Transcribe exactly the line containing "Rudolf Steiner Gesamtausgabe" and each line after it, through the end of the entries, with nothing before or after.

-- DATA SECTION follows --

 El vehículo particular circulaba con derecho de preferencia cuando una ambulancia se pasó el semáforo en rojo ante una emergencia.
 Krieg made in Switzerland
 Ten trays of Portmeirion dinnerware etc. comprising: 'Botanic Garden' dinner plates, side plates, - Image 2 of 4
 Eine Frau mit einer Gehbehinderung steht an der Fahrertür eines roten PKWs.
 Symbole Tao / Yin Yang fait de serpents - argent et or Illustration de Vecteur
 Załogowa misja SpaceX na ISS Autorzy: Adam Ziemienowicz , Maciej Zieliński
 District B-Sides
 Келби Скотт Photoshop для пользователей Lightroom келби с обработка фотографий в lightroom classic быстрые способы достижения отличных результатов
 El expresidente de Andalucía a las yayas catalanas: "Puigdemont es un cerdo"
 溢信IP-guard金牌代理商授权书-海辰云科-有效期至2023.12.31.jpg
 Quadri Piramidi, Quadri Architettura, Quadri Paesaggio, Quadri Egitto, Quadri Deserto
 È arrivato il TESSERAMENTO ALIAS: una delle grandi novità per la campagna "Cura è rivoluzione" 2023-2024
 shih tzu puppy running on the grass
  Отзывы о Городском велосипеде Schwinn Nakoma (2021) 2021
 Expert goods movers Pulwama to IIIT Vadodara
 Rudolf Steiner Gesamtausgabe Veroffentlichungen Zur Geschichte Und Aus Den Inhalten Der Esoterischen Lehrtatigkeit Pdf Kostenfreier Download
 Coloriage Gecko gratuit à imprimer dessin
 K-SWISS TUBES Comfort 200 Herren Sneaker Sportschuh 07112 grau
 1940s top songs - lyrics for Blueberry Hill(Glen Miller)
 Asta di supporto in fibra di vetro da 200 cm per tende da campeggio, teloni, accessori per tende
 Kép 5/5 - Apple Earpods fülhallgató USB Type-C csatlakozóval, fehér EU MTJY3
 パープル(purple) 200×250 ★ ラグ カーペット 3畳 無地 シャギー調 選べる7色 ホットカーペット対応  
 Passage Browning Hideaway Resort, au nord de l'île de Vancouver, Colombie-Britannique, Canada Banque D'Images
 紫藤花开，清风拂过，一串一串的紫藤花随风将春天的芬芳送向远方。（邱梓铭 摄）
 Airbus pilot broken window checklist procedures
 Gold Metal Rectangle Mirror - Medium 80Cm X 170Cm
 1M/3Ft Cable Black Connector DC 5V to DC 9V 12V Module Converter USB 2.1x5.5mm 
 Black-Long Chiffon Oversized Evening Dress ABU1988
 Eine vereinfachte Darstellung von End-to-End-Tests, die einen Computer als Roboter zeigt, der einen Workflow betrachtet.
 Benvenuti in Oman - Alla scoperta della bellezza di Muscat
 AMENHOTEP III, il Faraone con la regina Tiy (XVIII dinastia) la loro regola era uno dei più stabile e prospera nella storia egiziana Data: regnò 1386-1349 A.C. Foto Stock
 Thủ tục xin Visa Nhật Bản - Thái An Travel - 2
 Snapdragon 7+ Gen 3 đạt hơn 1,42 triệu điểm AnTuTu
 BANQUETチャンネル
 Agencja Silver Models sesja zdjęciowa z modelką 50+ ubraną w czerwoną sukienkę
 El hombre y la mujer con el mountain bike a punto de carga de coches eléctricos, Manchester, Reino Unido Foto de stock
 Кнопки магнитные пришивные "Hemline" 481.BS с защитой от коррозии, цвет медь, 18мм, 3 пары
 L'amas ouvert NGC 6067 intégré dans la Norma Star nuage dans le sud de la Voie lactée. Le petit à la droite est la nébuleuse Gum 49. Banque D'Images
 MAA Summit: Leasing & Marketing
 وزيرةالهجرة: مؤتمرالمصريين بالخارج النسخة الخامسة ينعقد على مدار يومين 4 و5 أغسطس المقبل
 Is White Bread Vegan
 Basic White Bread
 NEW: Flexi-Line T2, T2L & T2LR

-- DATA SECTION concluded --

▸ **TASK OUTPUT**:
 Rudolf Steiner Gesamtausgabe Veroffentlichungen Zur Geschichte Und Aus Den Inhalten Der Esoterischen Lehrtatigkeit Pdf Kostenfreier Download
 Coloriage Gecko gratuit à imprimer dessin
 K-SWISS TUBES Comfort 200 Herren Sneaker Sportschuh 07112 grau
 1940s top songs - lyrics for Blueberry Hill(Glen Miller)
 Asta di supporto in fibra di vetro da 200 cm per tende da campeggio, teloni, accessori per tende
 Kép 5/5 - Apple Earpods fülhallgató USB Type-C csatlakozóval, fehér EU MTJY3
 パープル(purple) 200×250 ★ ラグ カーペット 3畳 無地 シャギー調 選べる7色 ホットカーペット対応  
 Passage Browning Hideaway Resort, au nord de l'île de Vancouver, Colombie-Britannique, Canada Banque D'Images
 紫藤花开，清风拂过，一串一串的紫藤花随风将春天的芬芳送向远方。（邱梓铭 摄）
 Airbus pilot broken window checklist procedures
 Gold Metal Rectangle Mirror - Medium 80Cm X 170Cm
 1M/3Ft Cable Black Connector DC 5V to DC 9V 12V Module Converter USB 2.1x5.5mm 
 Black-Long Chiffon Oversized Evening Dress ABU1988
 Eine vereinfachte Darstellung von End-to-End-Tests, die einen Computer als Roboter zeigt, der einen Workflow betrachtet.
 Benvenuti in Oman - Alla scoperta della bellezza di Muscat
 AMENHOTEP III, il Faraone con la regina Tiy (XVIII dinastia) la loro regola era uno dei più stabile e prospera nella storia egiziana Data: regnò 1386-1349 A.C. Foto Stock
 Thủ tục xin Visa Nhật Bản - Thái An Travel - 2
 Snapdragon 7+ Gen 3 đạt hơn 1,42 triệu điểm AnTuTu
 BANQUETチャンネル
 Agencja Silver Models sesja zdjęciowa z modelką 50+ ubraną w czerwoną sukienkę
 El hombre y la mujer con el mountain bike a punto de carga de coches eléctricos, Manchester, Reino Unido Foto de stock
 Кнопки магнитные пришивные "Hemline" 481.BS с защитой от коррозии, цвет медь, 18мм, 3 пары
 L'amas ouvert NGC 6067 intégré dans la Norma Star nuage dans le sud de la Voie lactée. Le petit à la droite est la nébuleuse Gum 49. Banque D'Images
 MAA Summit: Leasing & Marketing
 وزيرةالهجرة: مؤتمرالمصريين بالخارج النسخة الخامسة ينعقد على مدار يومين 4 و5 أغسطس المقبل
 Is White Bread Vegan
 Basic White Bread
 NEW: Flexi-Line T2, T2L & T2LR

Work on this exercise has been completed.